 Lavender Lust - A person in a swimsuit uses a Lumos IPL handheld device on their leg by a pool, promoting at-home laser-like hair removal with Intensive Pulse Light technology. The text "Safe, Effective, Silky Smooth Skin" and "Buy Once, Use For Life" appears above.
---
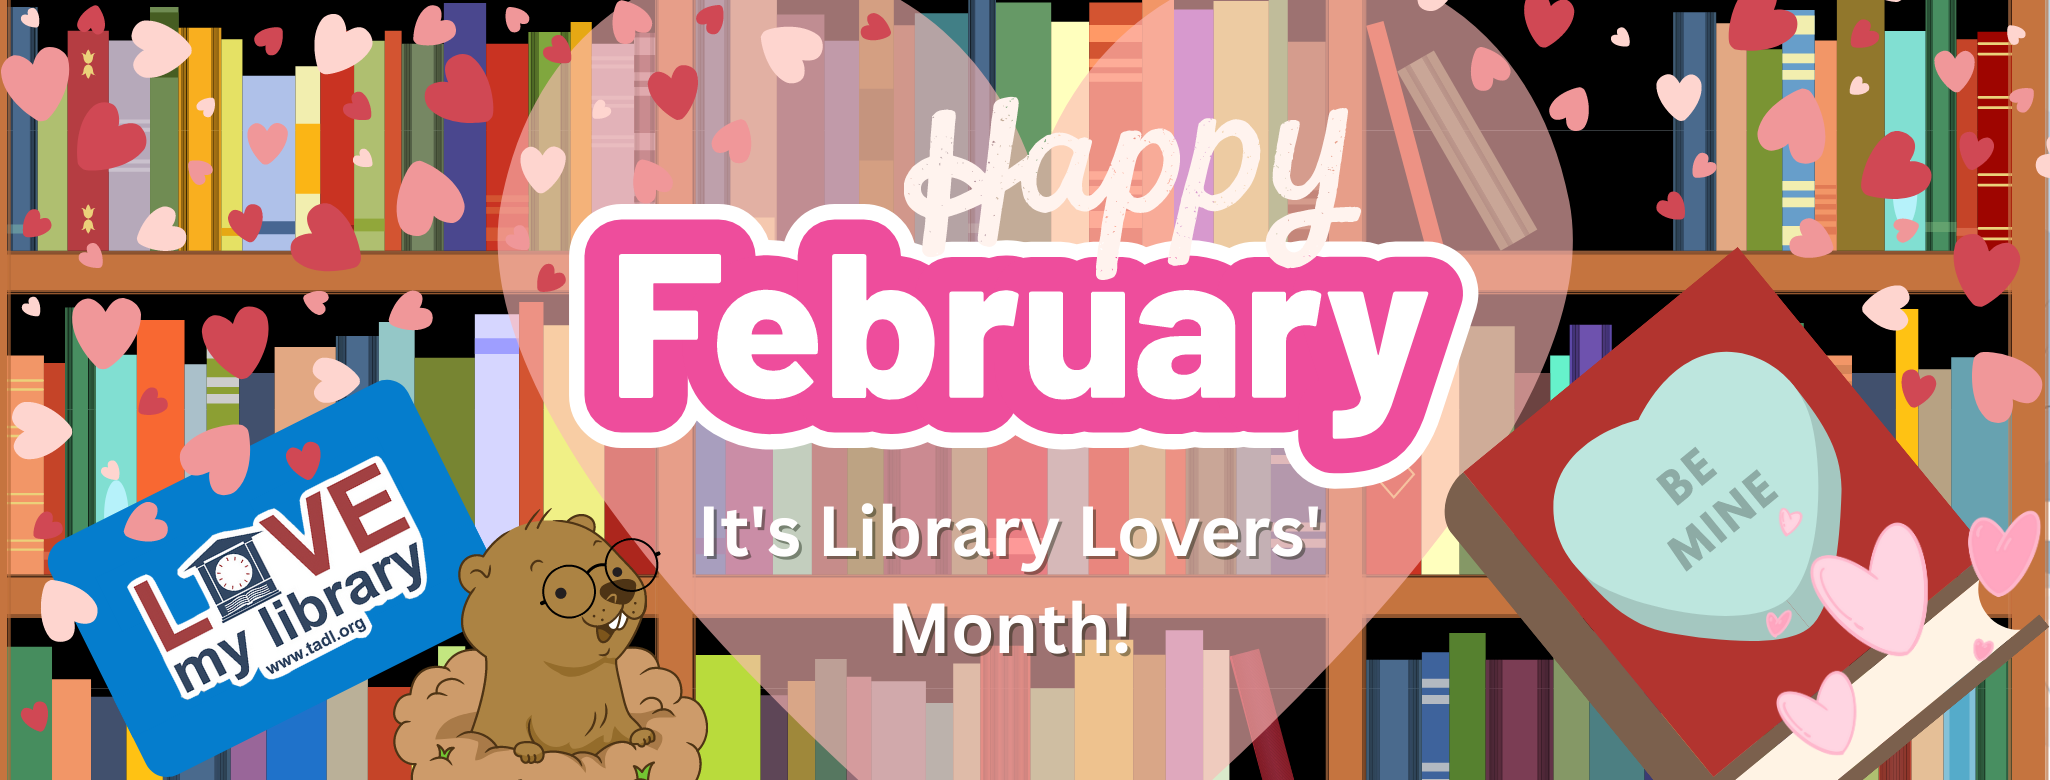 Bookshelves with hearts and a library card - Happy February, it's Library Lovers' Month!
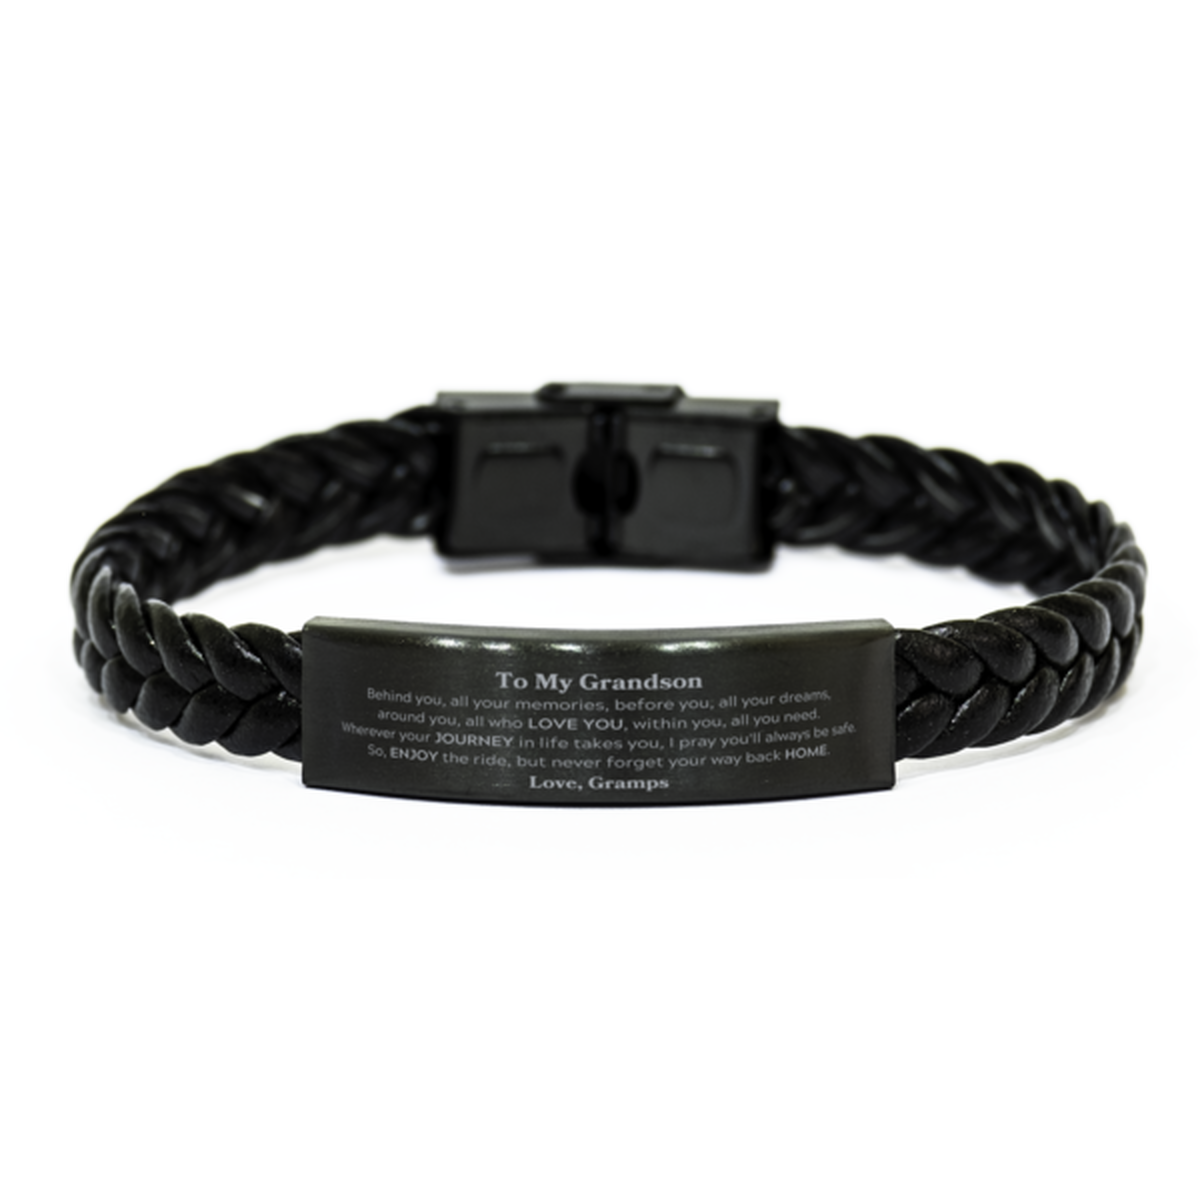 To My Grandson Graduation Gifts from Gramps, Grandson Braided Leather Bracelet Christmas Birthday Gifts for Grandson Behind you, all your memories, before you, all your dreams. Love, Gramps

→ **EXERCISE DIRECTIONS**: Starting with the line that has "Bookshelves with hearts" and ending with the line that has "To My Grandson", repeat the lines above exactly, omitting every picture.

→ **RESULT FOR THIS TASK**:
 Bookshelves with hearts and a library card - Happy February, it's Library Lovers' Month!
 To My Grandson Graduation Gifts from Gramps, Grandson Braided Leather Bracelet Christmas Birthday Gifts for Grandson Behind you, all your memories, before you, all your dreams. Love, Gramps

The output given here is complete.